На какой-то миг ярость ослепляет Двалина, и он вздергивает хоббита за грудки и прижимает к стене.
- Как ты смеешь? – шипит он в бешенстве. – Как ты мог предложить такое, ты, мелкий паршивый…
- Да выслушай ты меня, наконец, гном тупоголовый! – Каким-то образом Бильбо умудряется выглядеть возмущенным, даже когда его ступни болтаются в воздухе. Это так изумляет Двалина, что он замолкает. Должно быть, так чувствует себя волк, когда его кусает заяц.
- Между прочим, я мог бы просто так и сделать, - сердито заявляет Бильбо. – Перелезть через стену и пробраться в лагерь. Для опытного взломщика это раз плюнуть, должен заметить. Но я этого не сделал. Я не хочу, чтобы началась война, я не хочу, чтобы все они погибли: Кили, и Фили, и Бофур, и остальные. Так что если у тебя есть идея получше, я тебя с удовольствием выслушаю.

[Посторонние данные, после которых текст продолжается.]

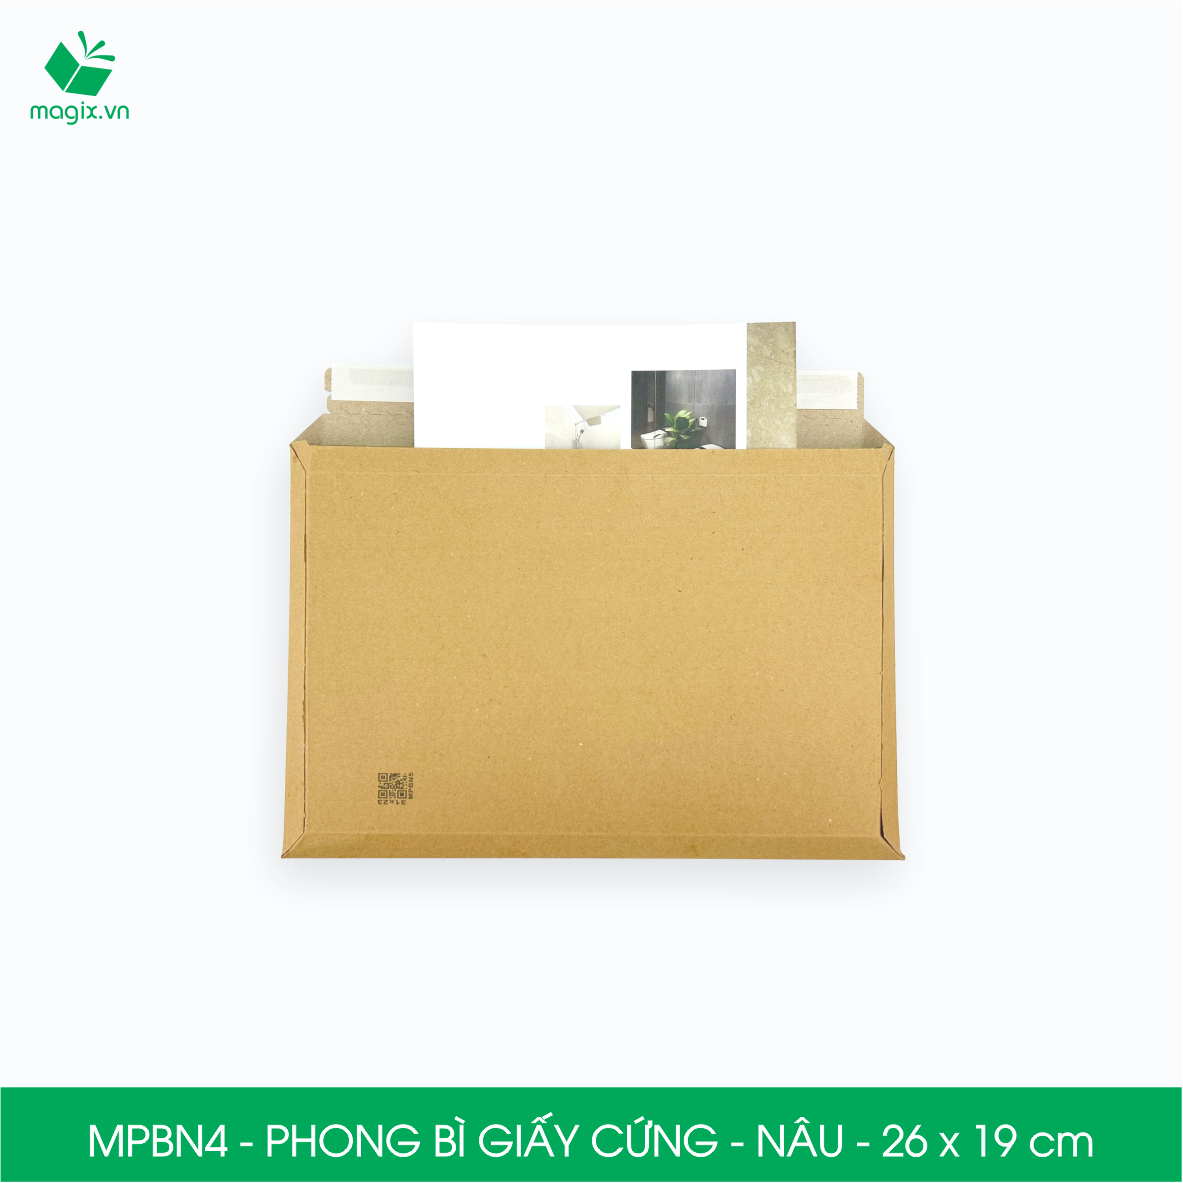 MPBN4 - 26x19 cm - Combo 20 phong bì giấy cứng đóng hàng màu nâu thay thế túi gói hàng

Двалин медленно опускает его на землю и разжимает пальцы. Он прислоняется к стене и закрывает глаза.
Если Торин получит Аркенстон, все кончено.
Своими руками отдать его врагу – это последнее, на что он мог бы пойти.
Но если его спрятать…
Двалин сглатывает застрявший в горле комок. Это измена. Одну мысль об этом уже можно считать предательством.
Он не знает, сколько стоит так, подпирая стену, но когда он открывает глаза, Бильбо смотрит на него, терпеливо ожидая ответа. У него бледное лицо и темные круги под глазами.
- Может быть, - медленно произносит Двалин, - если бы мы могли его спрятать... Только на время. Пока Торину не станет лучше.
- А если… – начинает Бильбо и тут же осекается под суровым взглядом Двалина. Он не позволит никому даже предполагать, что Торин может и не придти в себя.
- Что ж, - Бильбо откашливается. – И как это, по-твоему, поможет?
Двалин заставляет себя успокоиться. Возможно, это тот шанс, которого он ждал все восемьдесят лет. У него нет другого выбора, даже если ему придется совершить предательство. Если Торин когда-нибудь узнает об этом, их дружбе придет конец, и он сам будет в этом виноват. Он поворачивается к Бильбо.
- Ты знаешь, что такое Аркенстон?
Первый снег застает их в Озерном городе. Когда они поднимаются в гору, он хлюпает у них под ногами, смешиваясь с глиной - сырой и грязный. Реку сковывает тонкий прозрачный лед. Двалин спрашивает себя, стоит ли считать неким предзнаменованием ранние морозы, сулящие умирание всему, что не успело подготовиться к приходу холодов. Потом он вспомнит, что были и другие зловещие знаки, на которые он не обратил внимания. Как Торин безотчетно касался его руки, когда они искали убежища в этом людском городе, насквозь пропитанном ложью и лицемерием. Как он погружался в мрачные раздумья, уставившись невидящим взглядом на Одинокую Гору.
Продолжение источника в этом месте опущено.